─── GIVEN DATA ───
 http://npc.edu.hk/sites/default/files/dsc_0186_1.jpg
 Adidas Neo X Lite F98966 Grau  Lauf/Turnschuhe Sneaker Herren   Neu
───
─── GIVEN DATA ───
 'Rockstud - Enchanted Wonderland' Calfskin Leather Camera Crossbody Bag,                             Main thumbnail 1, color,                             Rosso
───
— DESCRIPTION OF THE TASK —
Would you print exactly, and only, the lines of the data above from the line with "http://npc.edu.hk/sites/default/files/dsc_0186_1.jpg" through the line with "Adidas Neo X", inclusive?

— YOUR SOLUTION —
 http://npc.edu.hk/sites/default/files/dsc_0186_1.jpg
 Adidas Neo X Lite F98966 Grau  Lauf/Turnschuhe Sneaker Herren   Neu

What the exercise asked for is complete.